Хужа-Али полой телогрейки обтер камень и сел, а кувшин поставил у ног.
— Ничего, деда, вылечим!
— Он тебе не забросил в окно свою папаху?
— Пока еще нет, — улыбнулась Айшат и отвела взгляд.
— Знай, внучка, что этот коновал из враждебного нам рода…
— Что?! — удивилась Айшат.
— Да, да, да.
— Как же так?! Зачем ты это говоришь? Тогда, выходит, и они считают нас врагами… За что же?
— Об этом знали наши предки, — торжественно произнес Хужа-Али. — Они завещали нам остерегаться этого рода. И все! А уж породниться…
— Стоит ли, деда, вспоминать старину?
— Стоит или не стоит, а ты считай, что я с тобой поговорил серьезно. Поняла?
— Хорошо, деда. Ну, я пошла: больные ждут…

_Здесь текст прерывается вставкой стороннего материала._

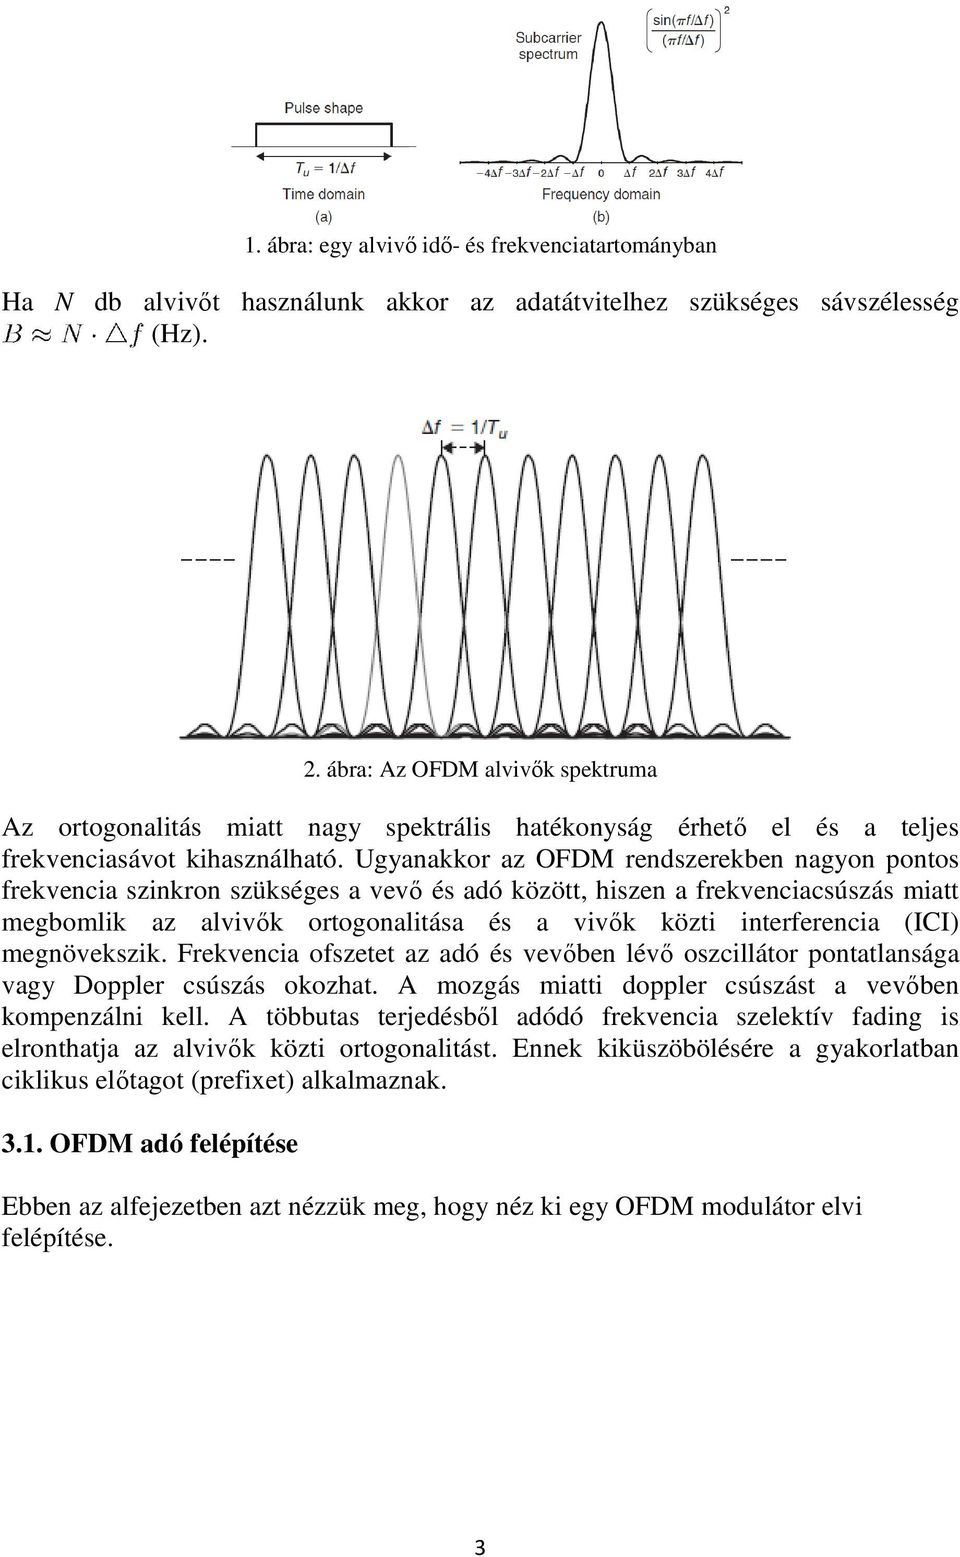 Ugyanakkor az OFDM rendszerekben nagyon pontos frekvencia szinkron szükséges a vevő és adó között, hiszen a frekvenciacsúszás miatt megbomlik az alvivők ortogonalitása és a vivők közti interferencia

И Айшат ушла в свою больницу, где всего-навсего две комнаты и четыре койки. Да и больных в ауле немного. На такой высоте воздух чист и свеж, как родниковая вода; здесь не знают ни гриппа, ни насморка, не боятся сквозняков. Лопата и серп, кирка, коса, молот и камень, камень и снова камень сделали людей крепкими: иной раз диву даешься — сорвется человек с такого обрыва, что смотреть жутко, а глядишь, провалялся неделю в постели и опять ходит по аулу, только чуть-чуть припадает на одну ногу. А свались с того обрыва горожанин — и черепков не собрали бы, одни мелкие дребезги да брызги!
Где народ, там и говор. Жужжание, гомон на площади. Прислушайтесь: говорят все больше о снежном человеке, о каптаре…
Издали Али-Хужа приметил Хужа-Али и решительно направился к нему, на ходу пожимая руки, приветствуя достойных приветствия. Хужа-Али заметил его, нахмурился, отвернулся, но Али-Хужа и бровью не повел, хлопнул старика по плечу:
— Знаешь, борода, что мне не нравится у нашей власти?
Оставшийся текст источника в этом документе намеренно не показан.